François Bayrou : Ça, c'est leur affaire, moi je ne suis pas prescripteur de ce genre de chose. Je dis à tous ceux qui s'interrogent aujourd'hui : ce que nous sommes en train de vivre, c'est sans précédent. Sans précédent depuis 75 ans. Pourquoi ? Parce qu’on était sorti de la guerre de 40, de 45, et on était sorti par la chute du mur de Berlin, d'un temps dans lequel c'était le choc des deux géants, des puissances militaires, d'un totalitarisme et de l'autre. On en était sorti. Et ce que Poutine a lancé parce qu’il a appuyé sur ce bouton-là, c'est au contraire un temps dans lequel la loi, la force de la loi, les principes sont bafoués partout sur la surface de la planète.

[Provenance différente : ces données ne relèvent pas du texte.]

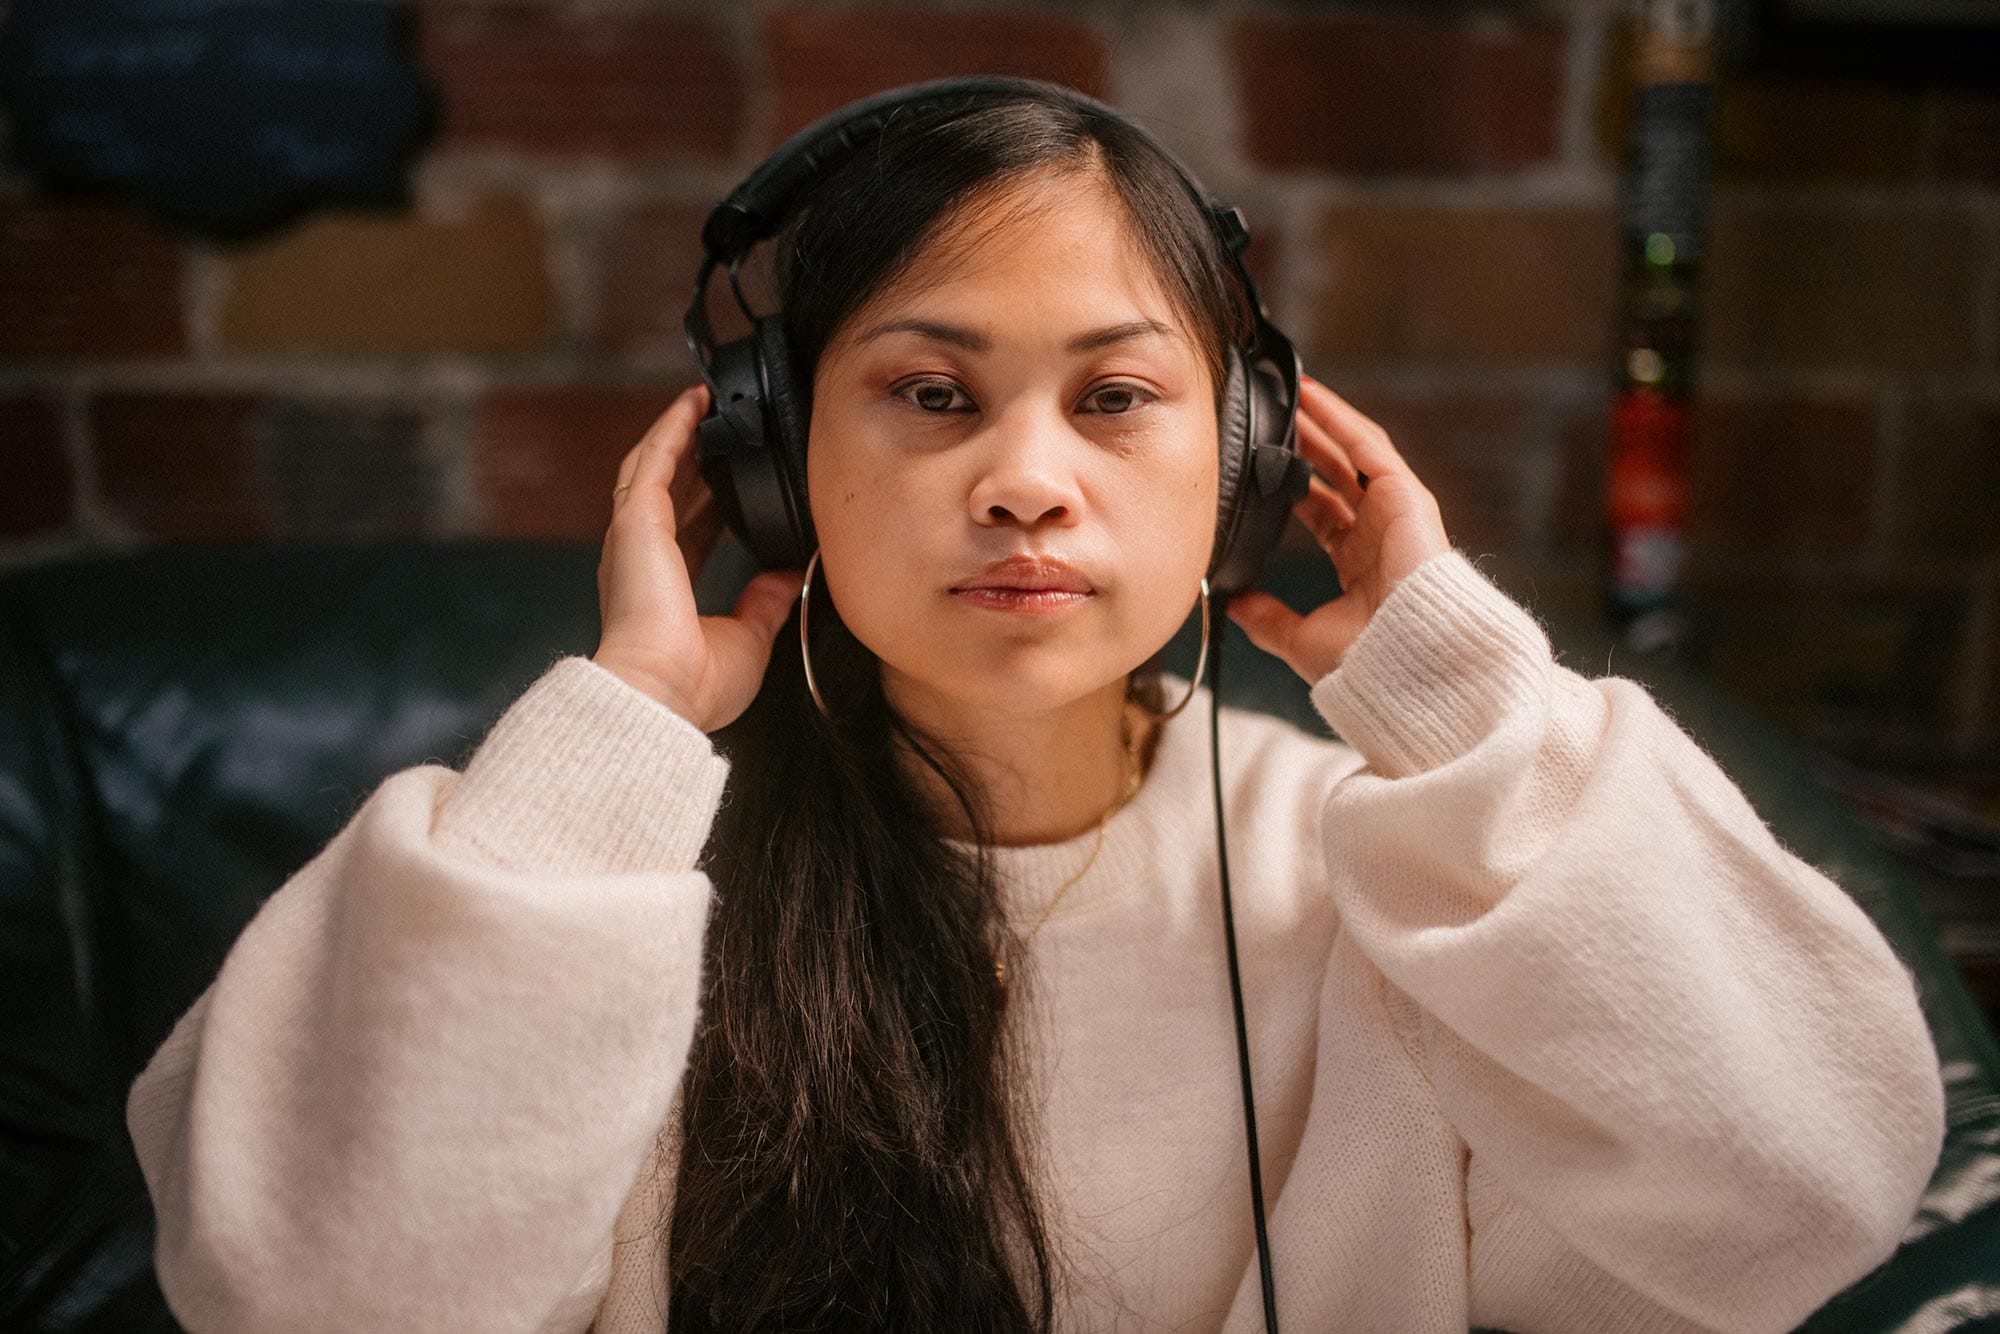 Ruby Ibarra listening to music through a headset.

Salhia Brakhlia : François Bayrou ceux qui nous écoutent, les auditeurs, les téléspectateurs qui nous regardent à la télé, ils doivent se dire, là, il est en train de nous faire peur, il est en train de nous faire peur pour qu'on vote pour la liste Renaissance alors que ça fait 7 ans qu'ils sont au pouvoir. Et puis dans de nombreux secteurs, on n'a pas vu les choses avancer. Qu'est-ce que vous leur dites à eux ?
François Bayrou : Eh bien, ceci est faux. S'il y a un secteur dans lequel la prise de conscience européenne a été obtenue par la France et par le chef de l'État français, s'il y a un secteur, c'est évidemment ces risques-là. Nous avons décidé, c'était la première fois et c'était totalement inimaginable, que nous allions tous ensemble, les Européens, emprunter - écoutez-bien le chiffre, 700 milliards d'euros - pour soutenir l'activité de l'économie européenne, 700 milliards que nous avons empruntés ensemble pour soutenir notre activité. Et le président de la République a dit dans son discours à la Sorbonne la semaine dernière, il faut 1 000 milliards supplémentaires supportés par tous les Européens pour que nous puissions à nouveau maîtriser les technologies, maîtriser le numérique, le cloud est sur le point …
Salhia Brakhlia : Et il y en a beaucoup qui ont peur de cette Europe fédérale que vous êtes en train de construire.
François Bayrou : Ça n'est pas une Europe fédérale, c'est une Europe du rassemblement de tous ceux qui ne veulent pas être rayés de la carte.
Jérôme Chapuis : Dont même le Rassemblement national ne souhaite plus sortir aujourd'hui.
François Bayrou : D'ailleurs, oui. Ils se sont trompés absolument sur tout, le Rassemblement national. Vous vous souvenez ? Vous devriez avoir ça en tête. Marine Le Pen qui dit : « Mais qui peut imaginer que Poutine attaque l'Ukraine ? Qu'est-ce que la Russie irait faire en Ukraine ? » quelques semaines avant février 2022 ? Et d'autres à l'extrême gauche aussi ont dit les mêmes énormités : « La Russie ne menace en rien l'Ukraine, c'est une obsession de craindre la Russie » : ceux-là, ces forces-là se sont trompés sur tout. Aucune de leurs affirmations n'a été vérifiée. Vous vous souvenez qu'ils étaient contre l'euro : où en serions-nous dans la vague d'inflation qu'on a connue si l'euro n'avait pas existé ? Et donc je ne cherche nullement à faire peur à qui que ce soit. Je cherche à construire la conscience des citoyens, de ceux qui vous écoutent, des auditeurs qui sont des citoyens en même temps en disant le risque qui est devant nous aujourd'hui, jamais nous n'avons connu le même depuis des décennies et des décennies. Et c'est un risque tel que je crois que si nous n'y faisons pas attention, nous allons avoir affaire à de l'irréversible. Vous parliez de Monsieur Glucksmann, un mot simplement. Dieu sait qu'il y a peu de problèmes qui, pour la conscience de nos concitoyens, soient aussi problématiques que l'immigration. L'Europe, tous les courants politiques de l'Europe ensemble, les principaux courants politiques démocratiques de l'Europe ensemble construisent un plan pour réguler l'immigration. Y compris le parti socialiste de Monsieur Glucksmann et la droite et le centre. Et il vote contre le plan. Comment peut-on être aussi éloigné de la conscience des urgences que de refuser les plans que les grands pays européens construisent ensemble pour maîtriser leur destin ?
Jérôme Chapuis : Merci François Bayrou.